_TASK OBJECTIVE:_
Drop every picture, then transcribe the remaining data exactly.

_STORED DATA:_
======

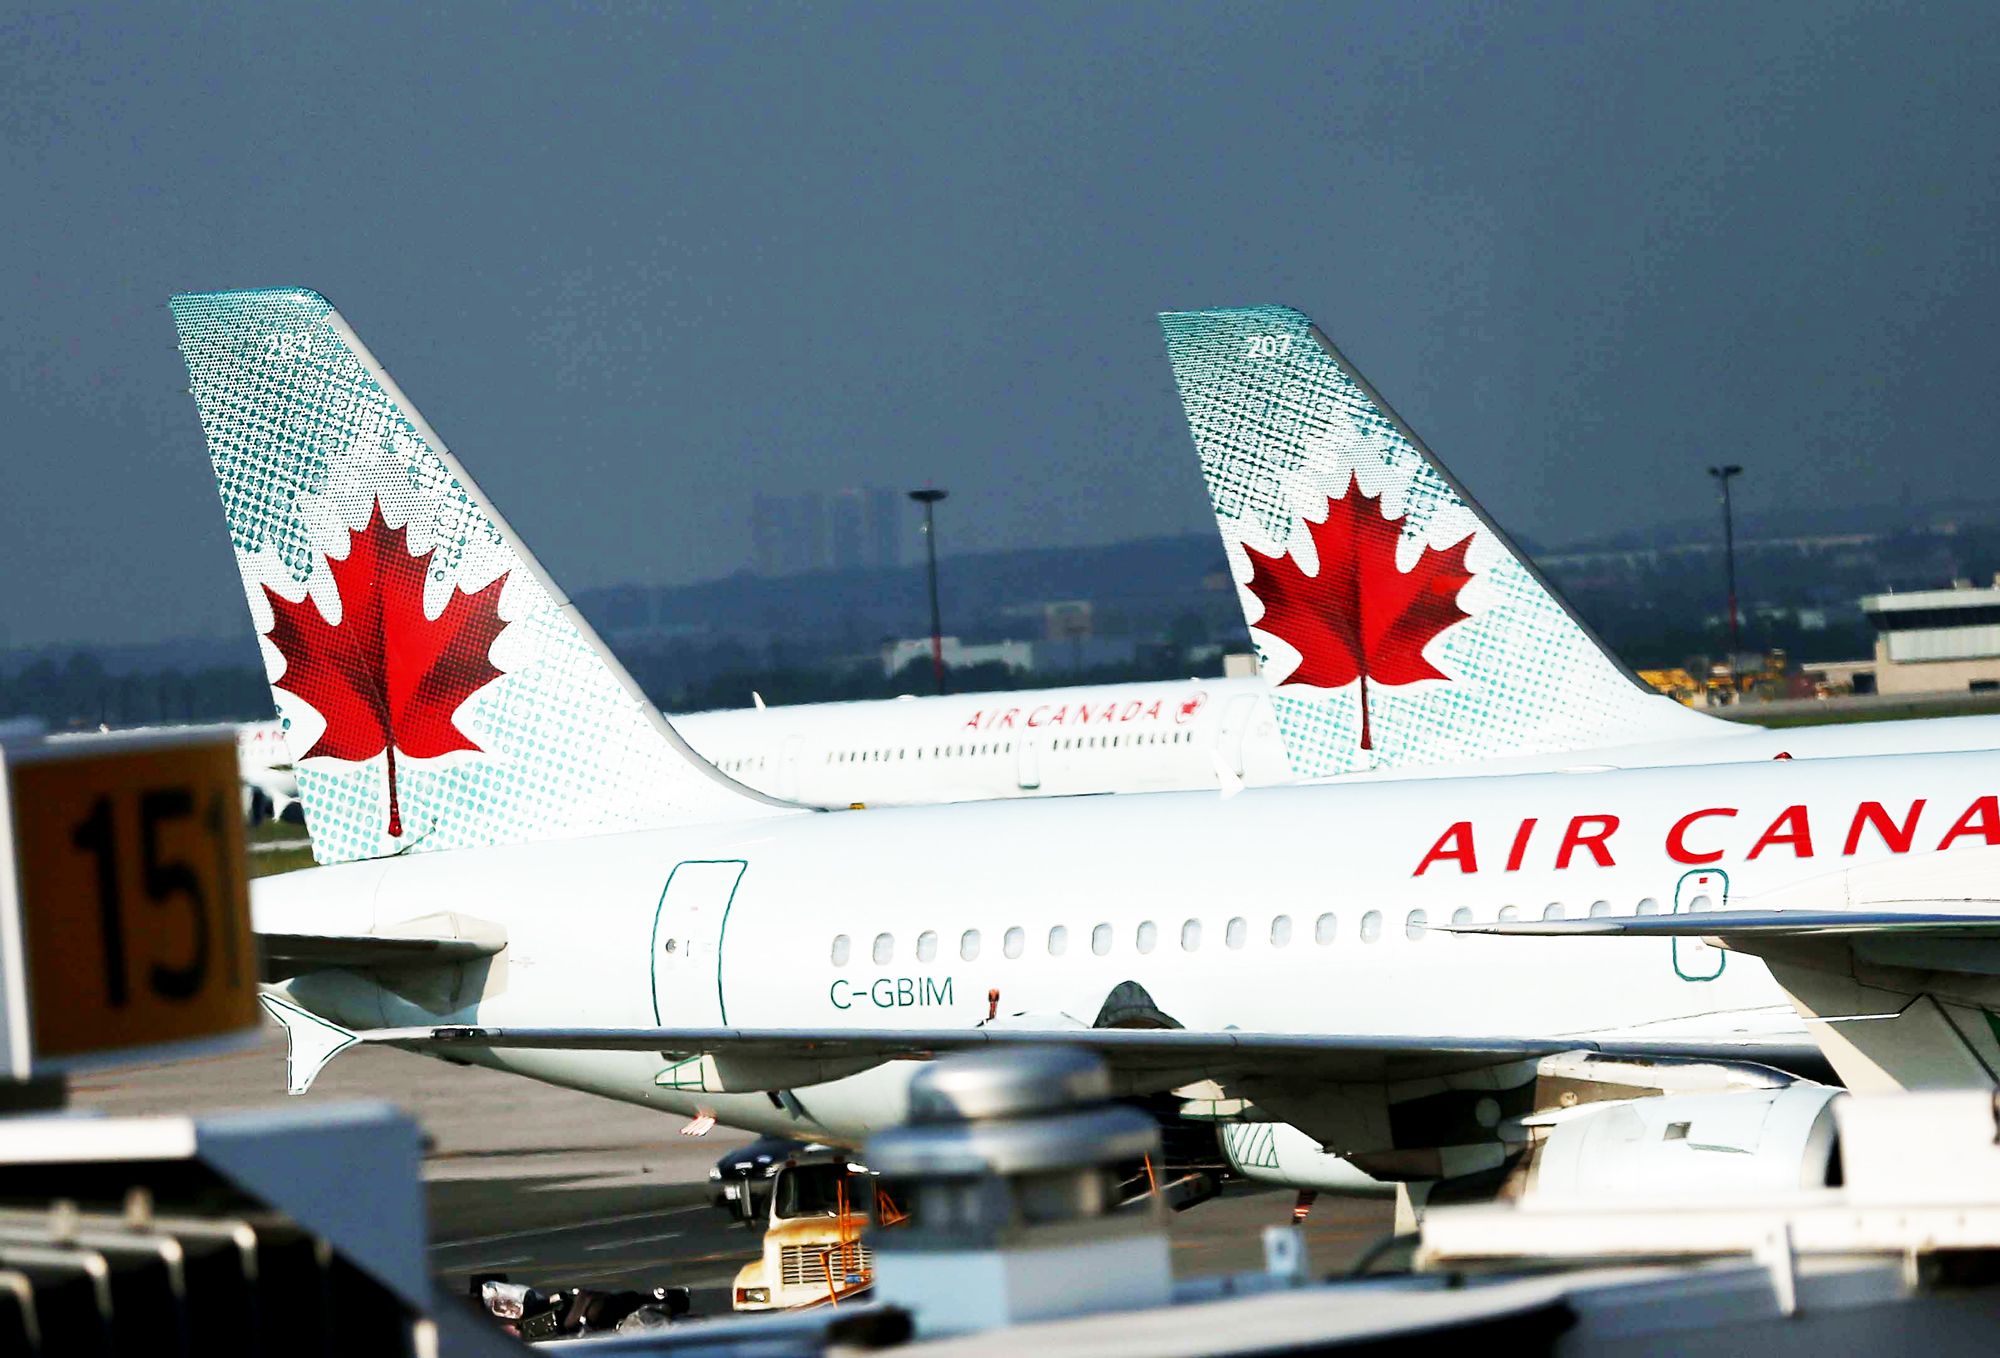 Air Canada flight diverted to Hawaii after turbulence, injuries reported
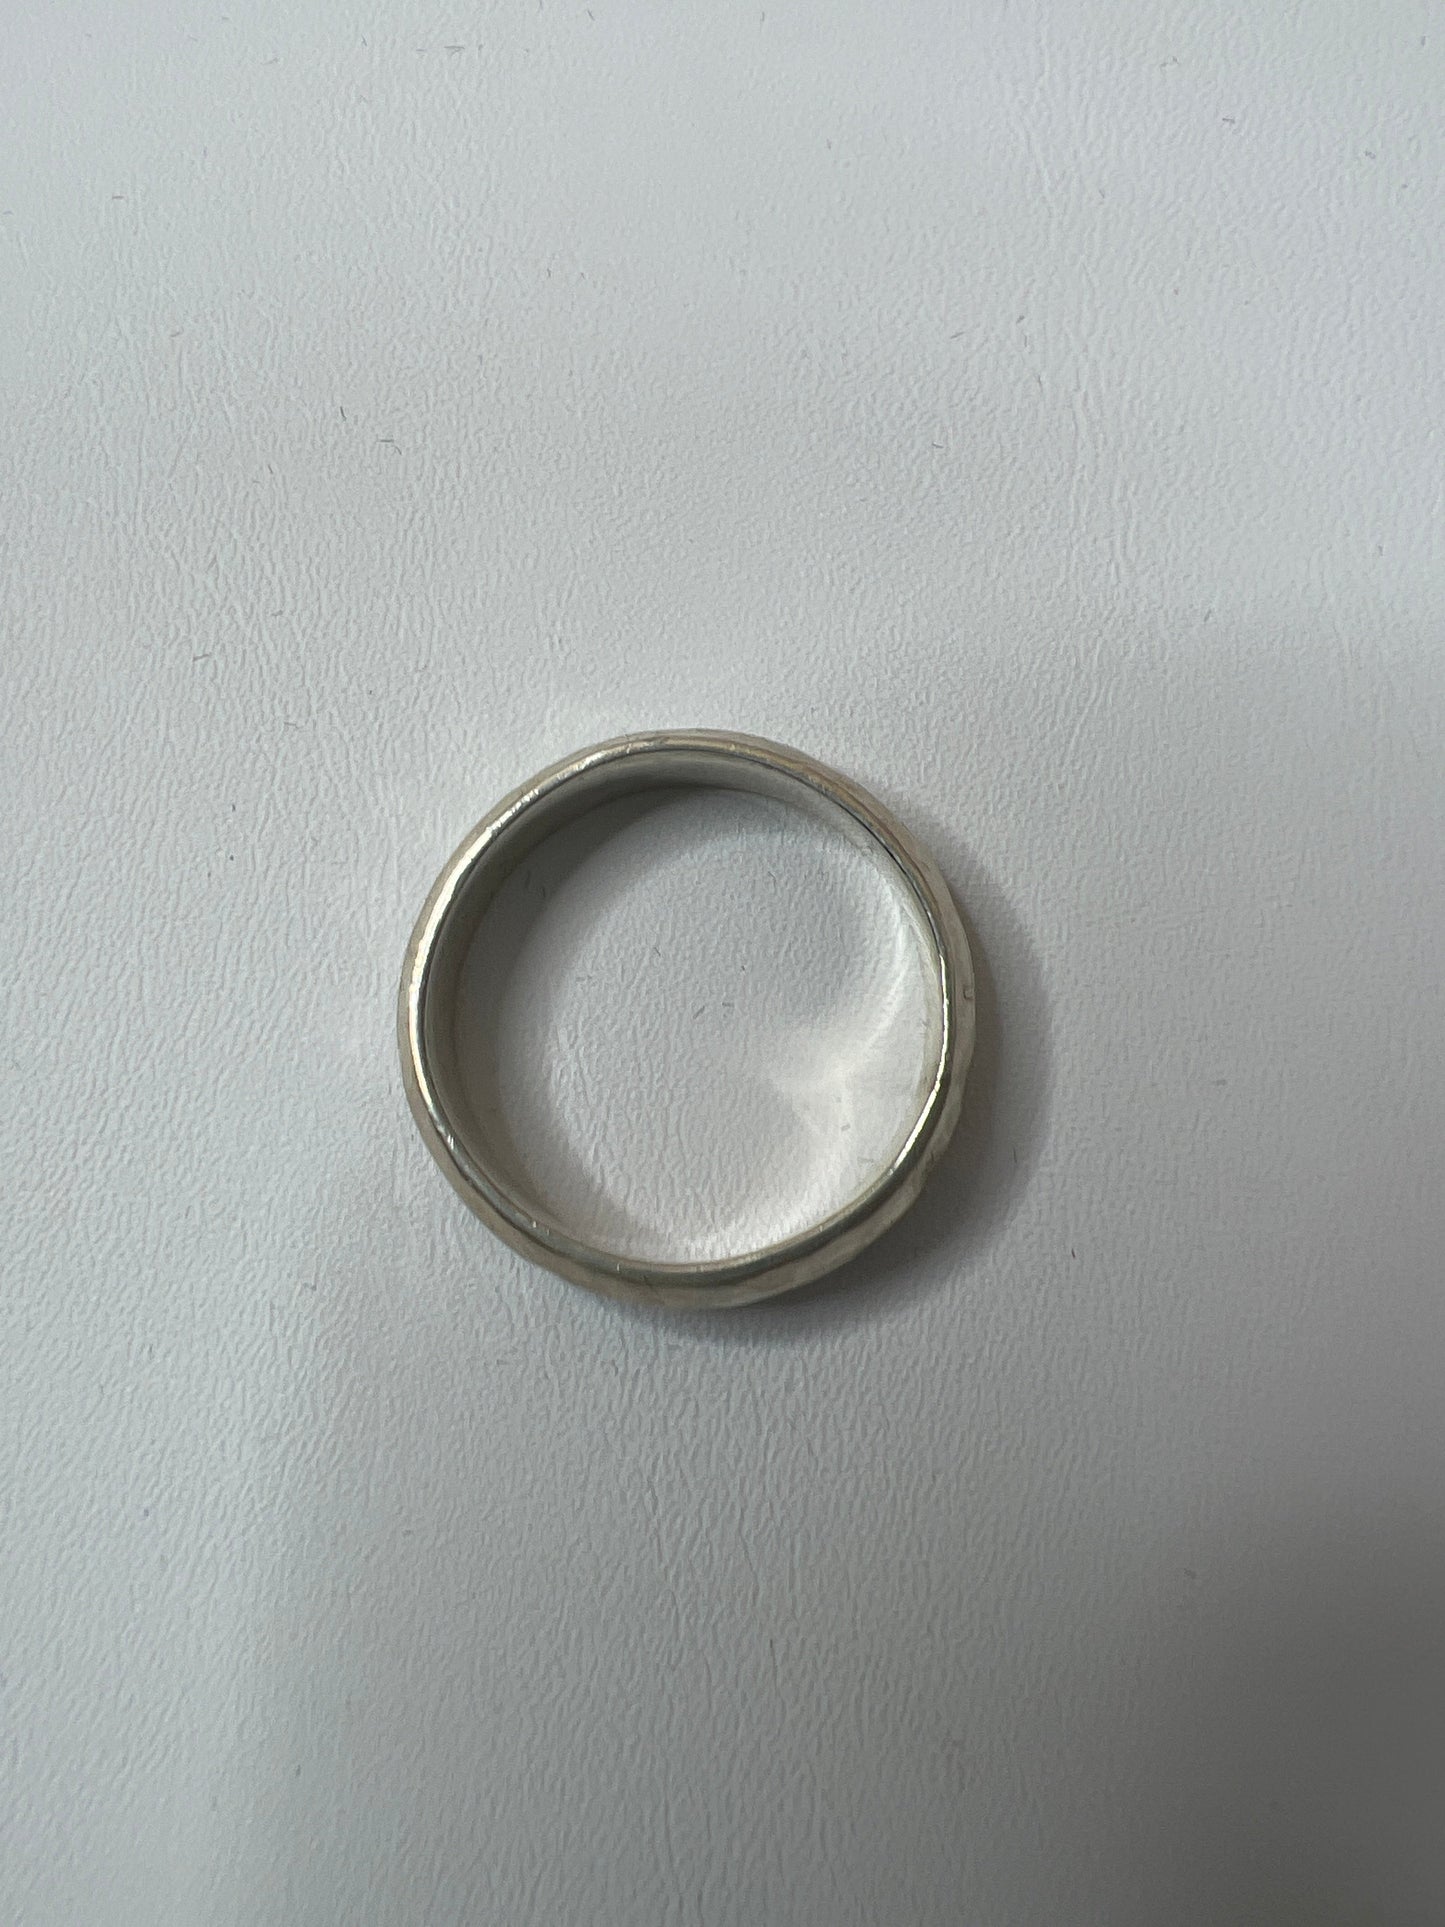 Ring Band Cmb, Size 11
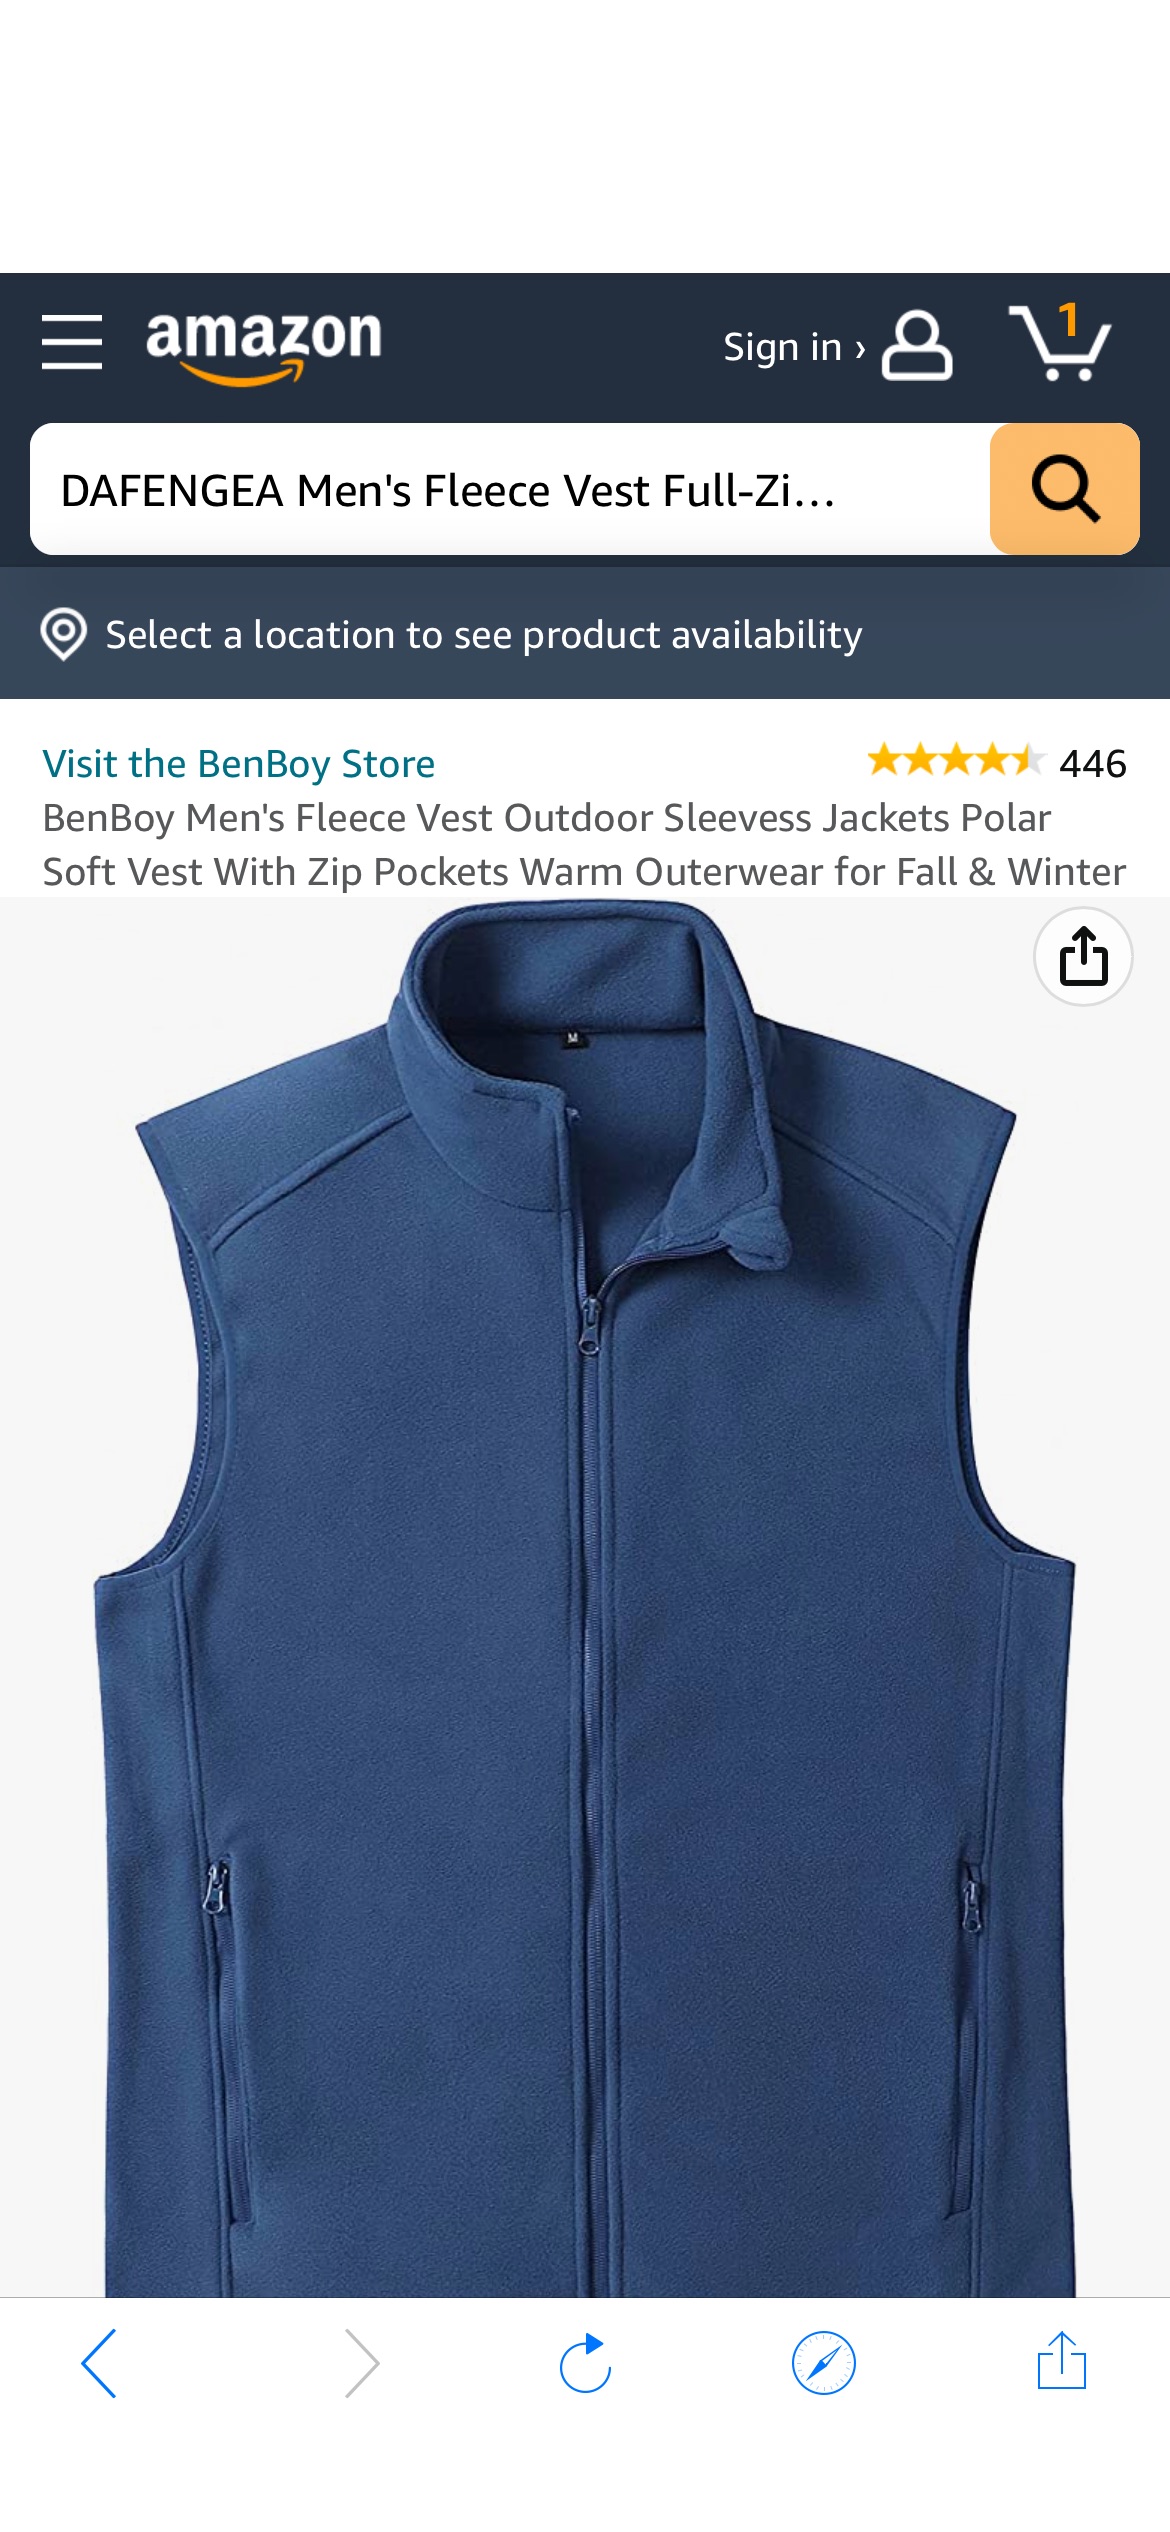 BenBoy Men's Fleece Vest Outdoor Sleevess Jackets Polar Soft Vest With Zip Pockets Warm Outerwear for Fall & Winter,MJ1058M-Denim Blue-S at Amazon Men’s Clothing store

======

_OUTPUT:_
 Air Canada flight diverted to Hawaii after turbulence, injuries reported
 Ring Band Cmb, Size 11
 BenBoy Men's Fleece Vest Outdoor Sleevess Jackets Polar Soft Vest With Zip Pockets Warm Outerwear for Fall & Winter,MJ1058M-Denim Blue-S at Amazon Men’s Clothing store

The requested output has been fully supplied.